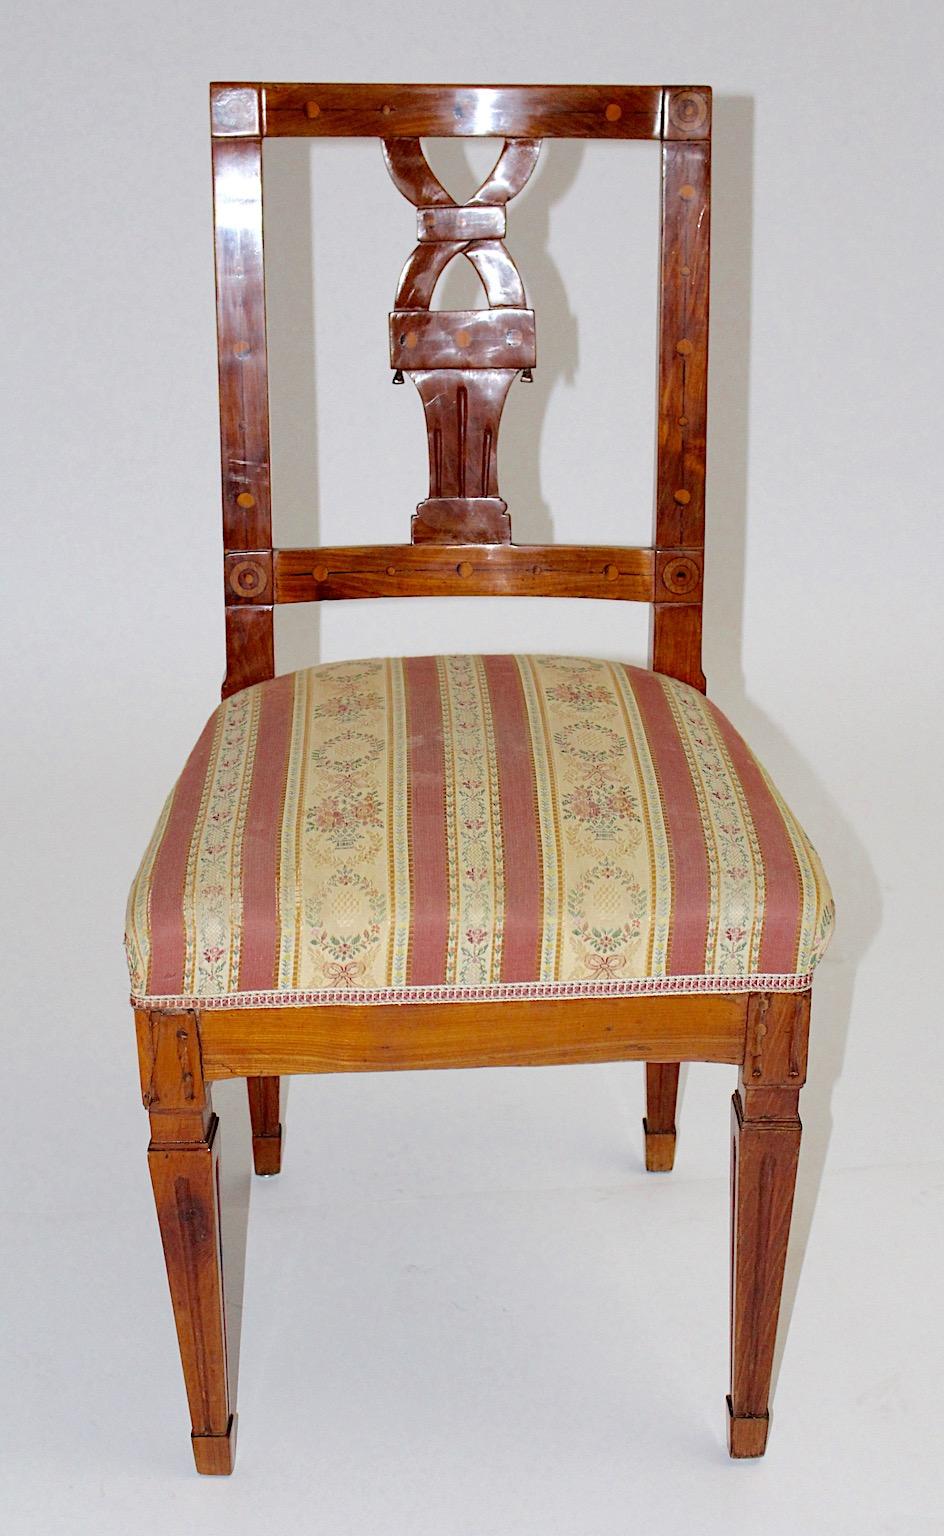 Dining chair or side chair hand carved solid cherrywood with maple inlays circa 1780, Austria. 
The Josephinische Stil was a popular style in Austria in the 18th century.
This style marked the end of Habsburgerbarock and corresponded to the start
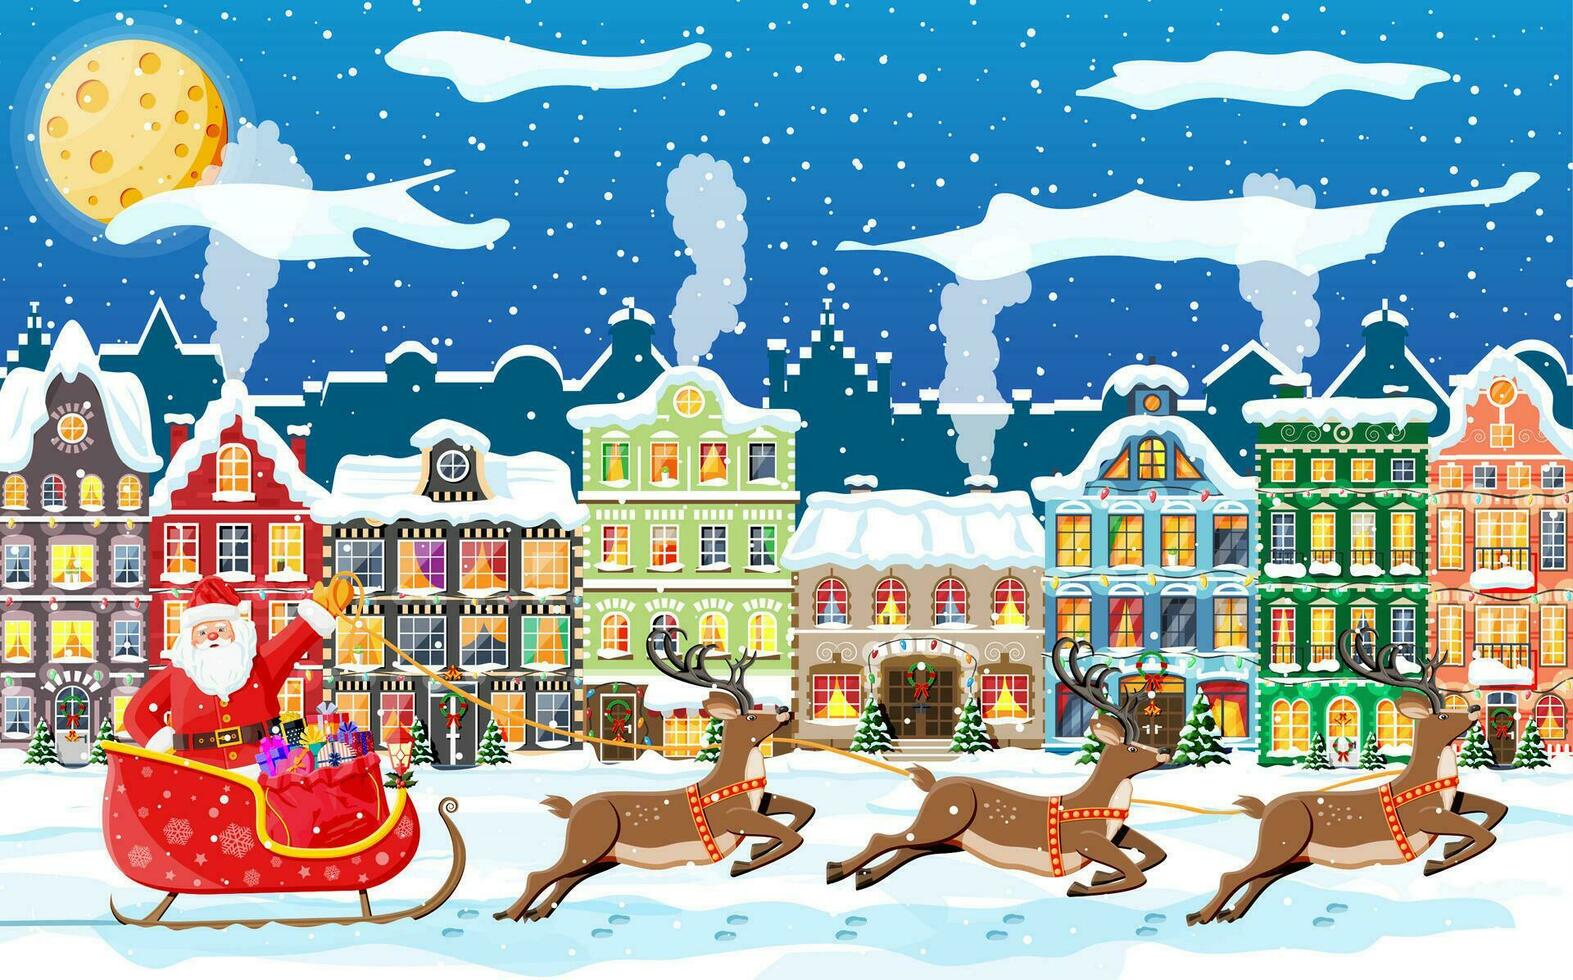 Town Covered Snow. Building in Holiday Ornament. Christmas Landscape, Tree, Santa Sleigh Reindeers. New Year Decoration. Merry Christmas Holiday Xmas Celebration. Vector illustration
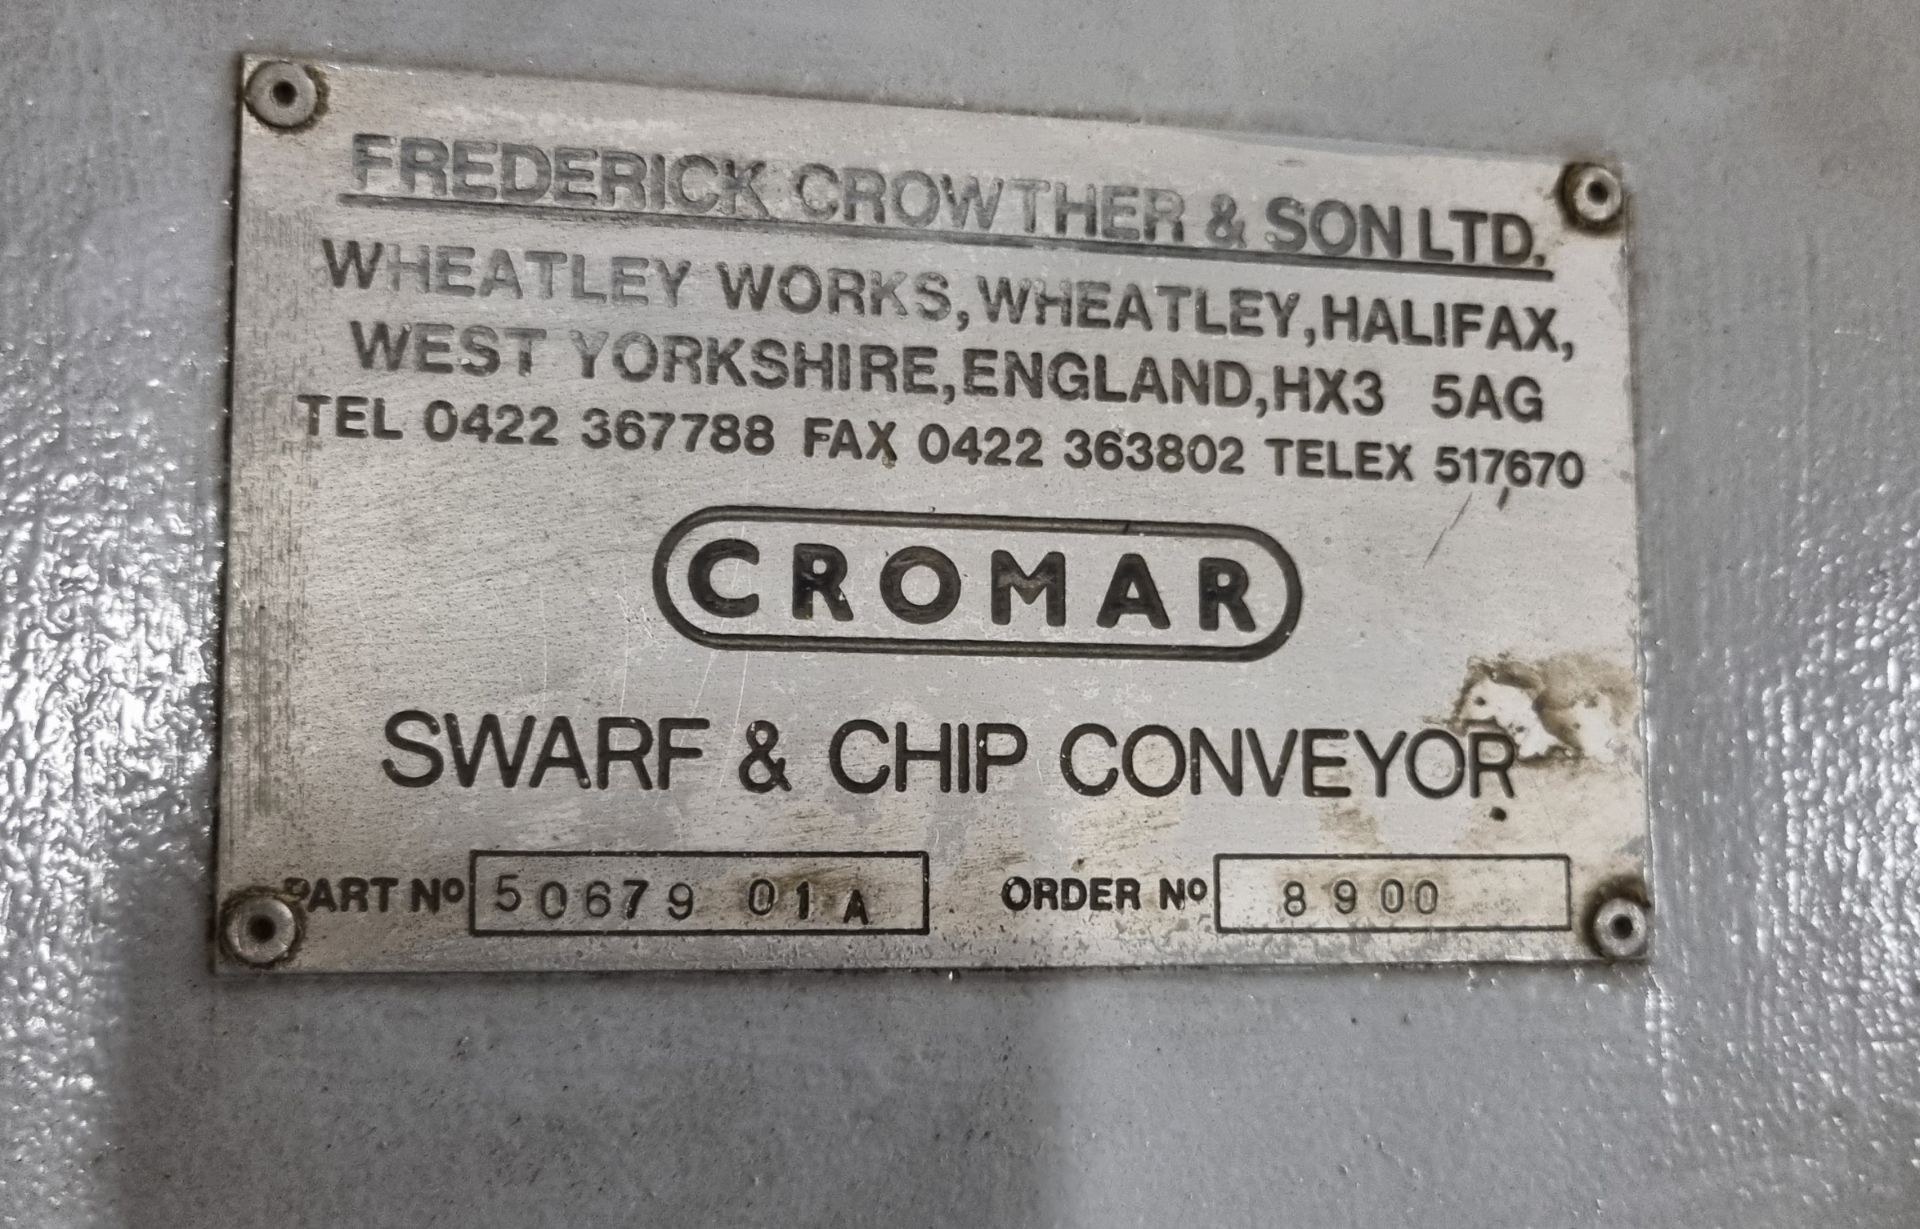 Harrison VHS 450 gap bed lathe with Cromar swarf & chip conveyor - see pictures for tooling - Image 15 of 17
───
◆ **How to complete this task**: What is needed here is an exact transcription of every record above, with images excluded.

◆ **Output of the task**:
 Dining chair or side chair hand carved solid cherrywood with maple inlays circa 1780, Austria. 
The Josephinische Stil was a popular style in Austria in the 18th century.
This style marked the end of Habsburgerbarock and corresponded to the start
 Town Covered Snow. Building in Holiday Ornament. Christmas Landscape, Tree, Santa Sleigh Reindeers. New Year Decoration. Merry Christmas Holiday Xmas Celebration. Vector illustration
 Harrison VHS 450 gap bed lathe with Cromar swarf & chip conveyor - see pictures for tooling - Image 15 of 17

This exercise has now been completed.